Gagal ginjal akut pascapersalinan harus didiagnosis secara dini dan diobati sesegera mungkin. Secara aktif mencari faktor penyebab dan mengobati penyakit utamanya. Memperkuat dukungan dan pengobatan simtomatik, dilatasi yang wajar, diuresis, perlindungan fungsi ginjal, koreksi air, gangguan elektrolit dan ketidakseimbangan keseimbangan asam-basa, pencegahan infeksi, menjadi antispasmodik, obat penenang, antihipertensi. Tergantung pada kondisinya, transfusi plasma beku segar dosis besar, produk darah segar, injeksi imunoglobulin intravena, syok glukokortikoid, dan terapi lainnya dapat dilakukan untuk meringankan kondisi tersebut. Jika kondisinya serius, anuria, oliguria, dengan retensi natrium, gangguan elektrolit, harus dilakukan hemodialisis tepat waktu, hemofiltrasi terus menerus, kasus yang parah perlu dilakukan terapi penggantian plasma.
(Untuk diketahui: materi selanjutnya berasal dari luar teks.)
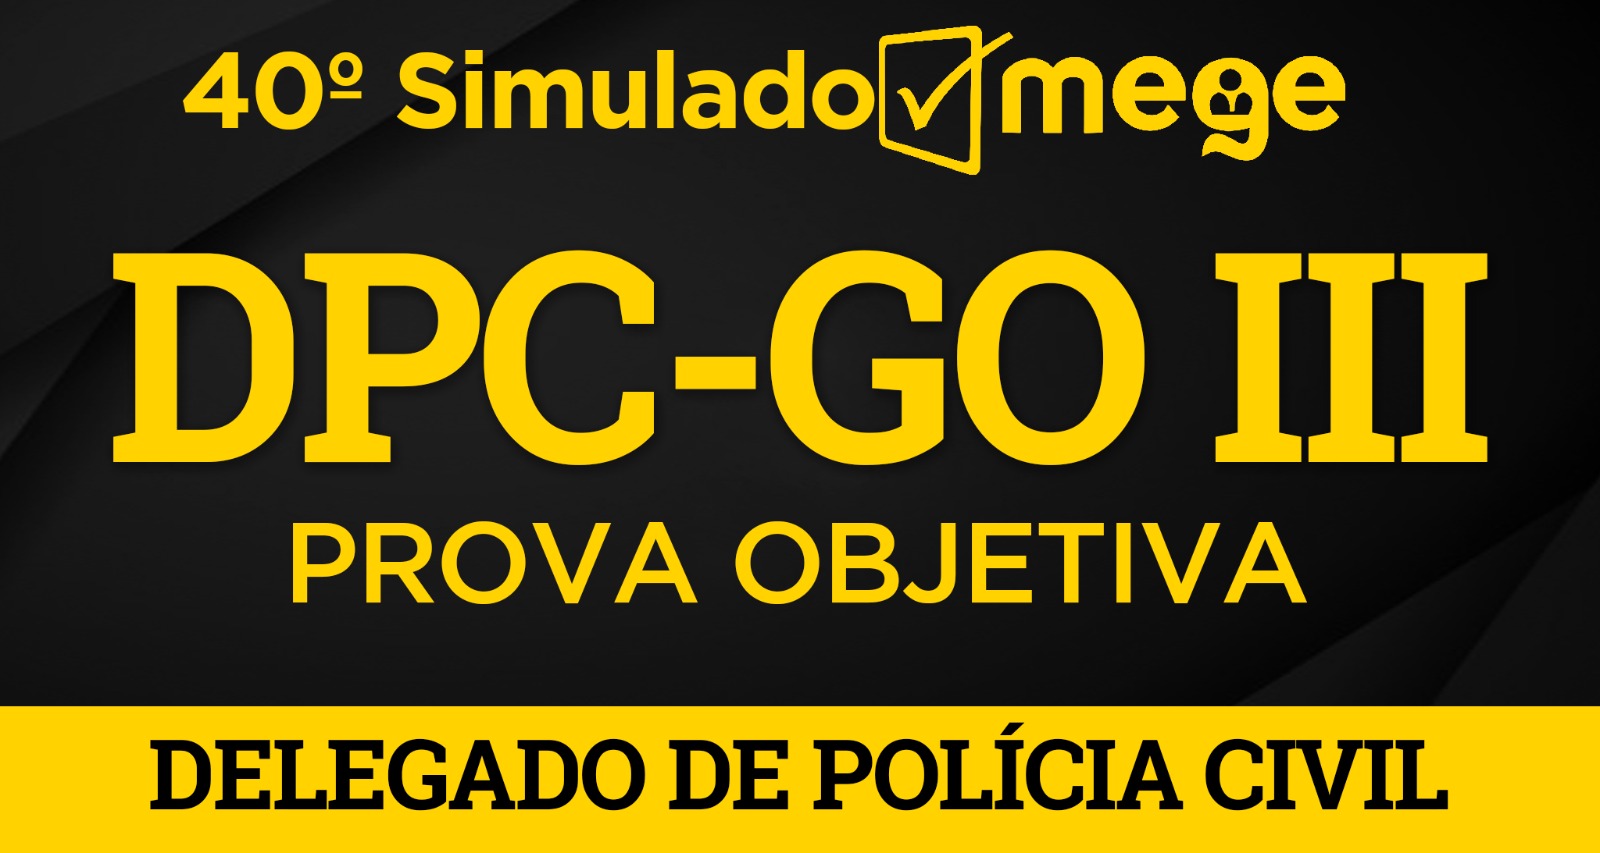 40º Simulado Mege (DPC-GO III)

Jika terjadi pada akhir kehamilan, kehamilan harus diakhiri tepat waktu.

Pertanyaan-pertanyaan yang mungkin Anda khawatirkan

Gagal ginjal akut pascapersalinan

Gagal ginjal akut pascapersalinan memerlukan perawatan obat, dan pada kasus yang parah, perawatan dialisis.
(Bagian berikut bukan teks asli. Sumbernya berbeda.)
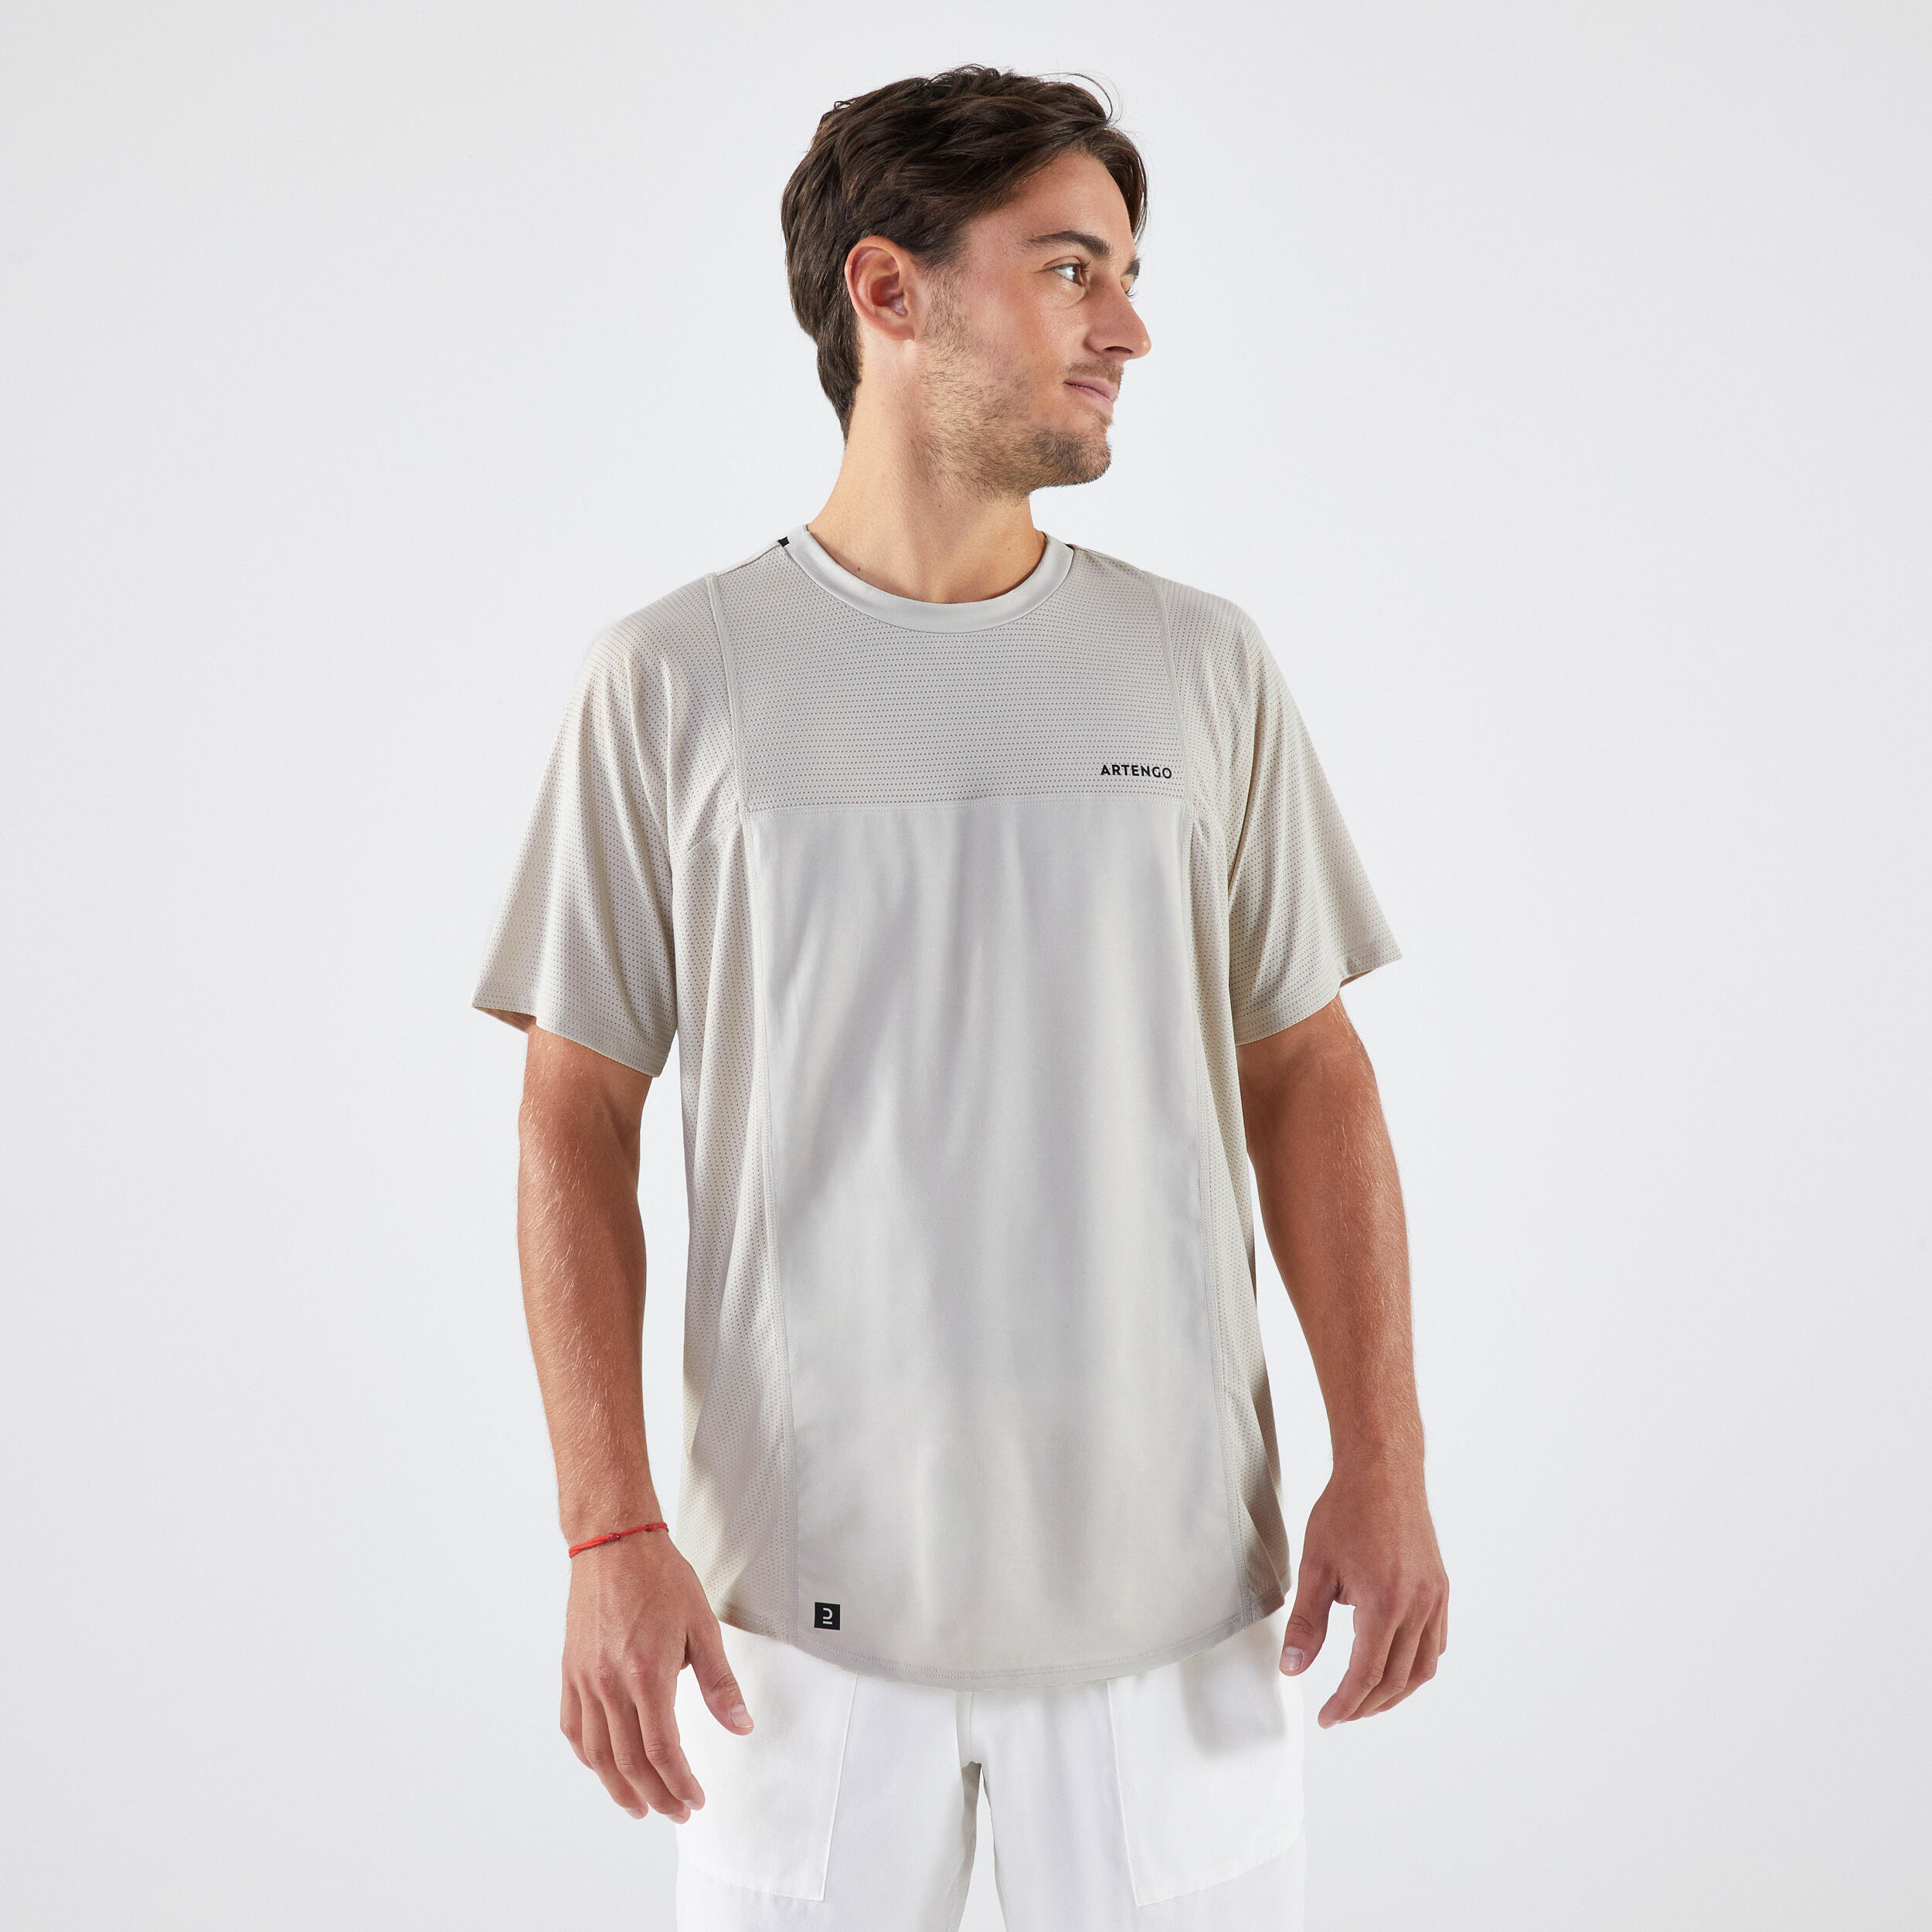 Decathlon | T-shirt tennis uomo DRY Gaël Monfils beige |  Artengo

1. Perawatan obat: Gagal ginjal akut pascapersalinan perlu secara aktif mencari penyakit utama dan menggunakan obat sesuai dengan penyakit utama. Selain itu, obat-obatan seperti furosemid diperlukan untuk melebarkan dan diuretik, kaptopril dan valsartan diperlukan untuk melindungi fungsi ginjal dan menjaga keseimbangan air, elektrolit, dan asam basa.

2. Perawatan dialisis: terutama termasuk hemodialisis dan dialisis peritoneal, perawatan dialisis dapat membuang sisa metabolisme dan air dari tubuh, menjaga keseimbangan elektrolit dan asam basa.
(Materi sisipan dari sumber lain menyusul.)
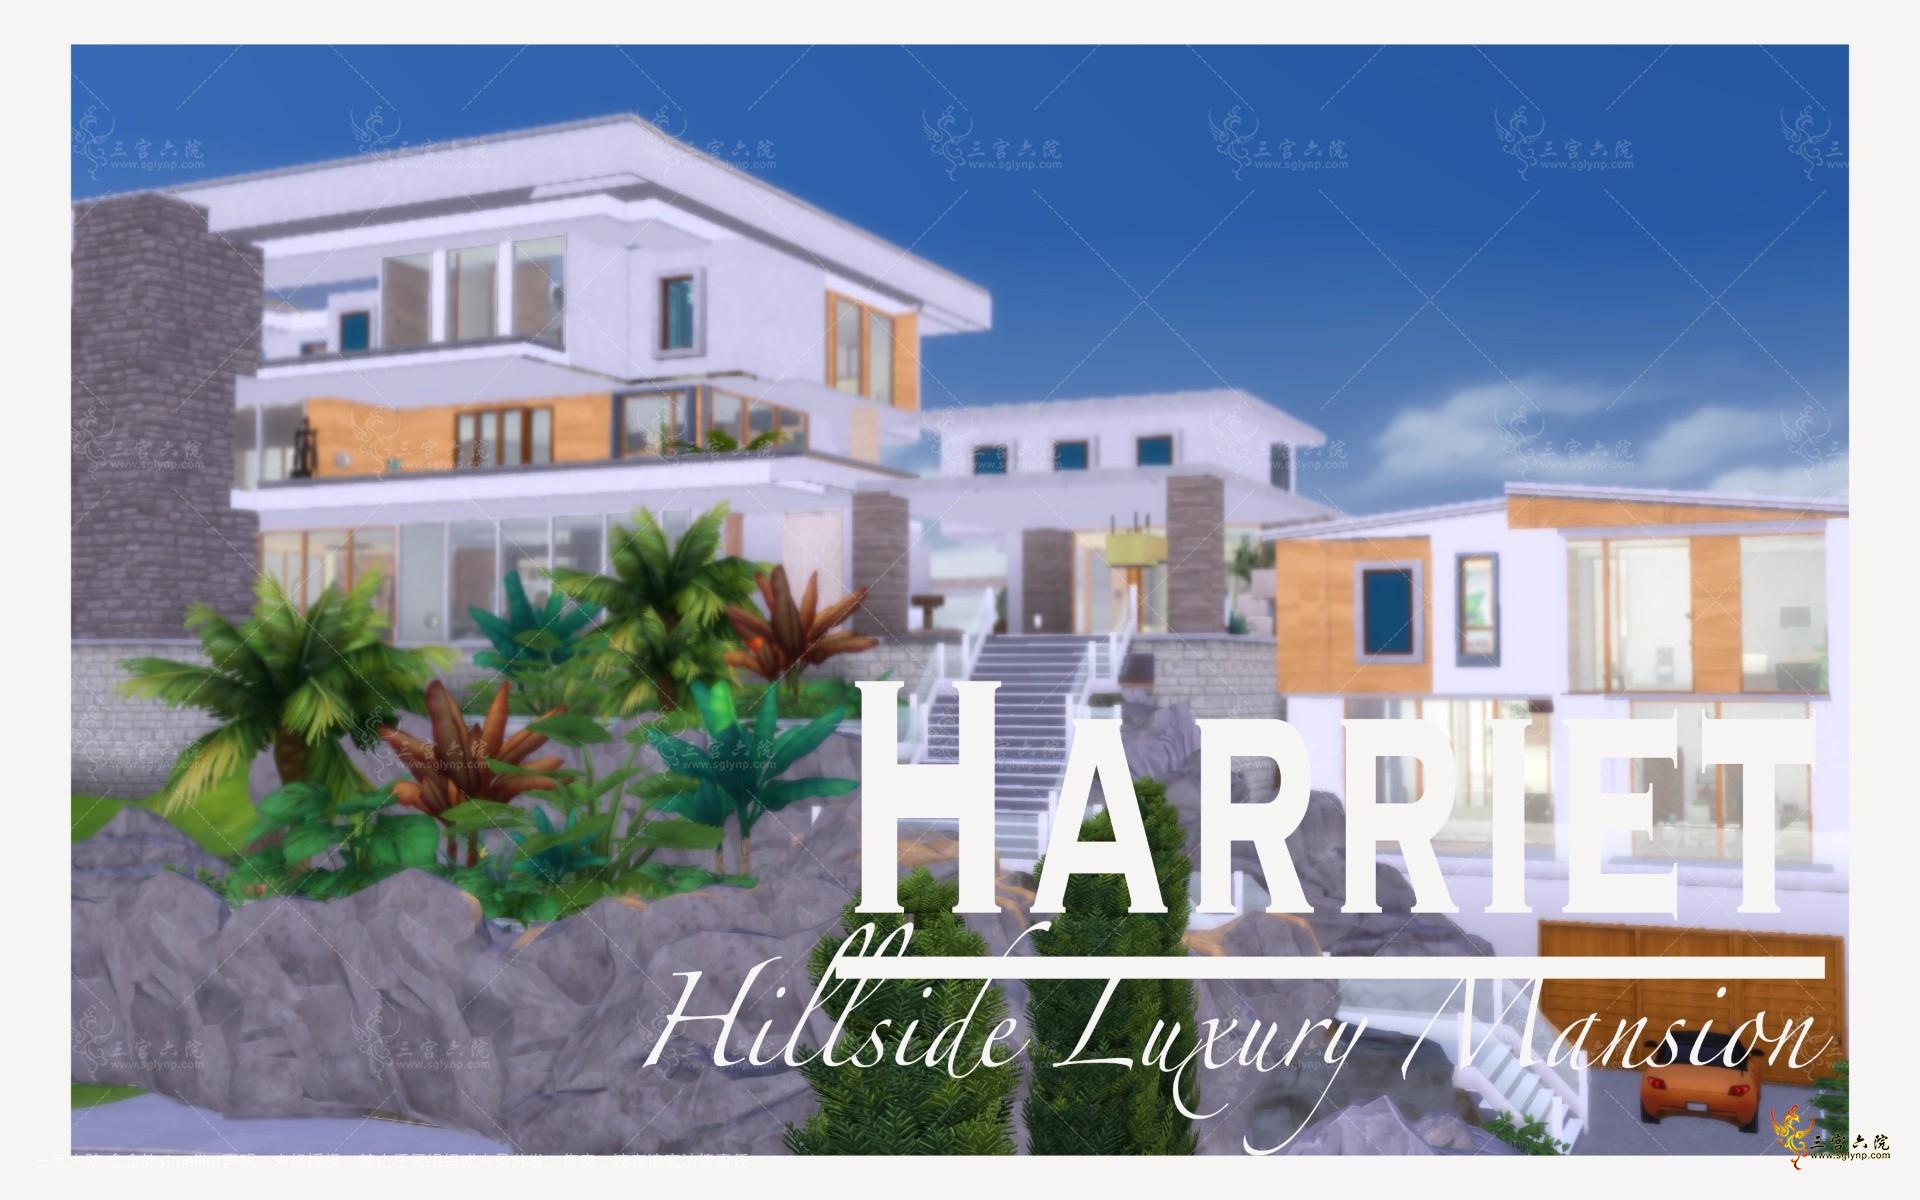 Harriet Hillside Luxury Modern Mansion.jpg

Pasien dengan gagal ginjal akut pascapersalinan dianjurkan untuk pergi ke rumah sakit biasa untuk konsultasi tepat waktu dan perawatan standar di bawah bimbingan dokter.

Prognosis

Gagal ginjal akut pascapersalinan merupakan kondisi klinis yang kritis dengan prognosis yang buruk. 2/3 pasien akan meninggal atau memerlukan dialisis kronis, dan hanya sedikit pasien yang dapat memulihkan fungsi ginjalnya. Diagnosis dan pengobatan dini dapat meningkatkan prognosis.

Asuhan keperawatan

Pasien dengan gagal ginjal akut pascapersalinan harus dipantau secara ketat untuk tanda-tanda vital, fungsi ginjal, air, elektrolit dan keseimbangan asam-basa harus diperiksa secara teratur, asupan dan keluaran cairan harus dipantau, keluaran urin harus dicatat, dan diet harus dibatasi pada air, garam, kalium dan fosfor, dan kalori yang cukup harus diberikan.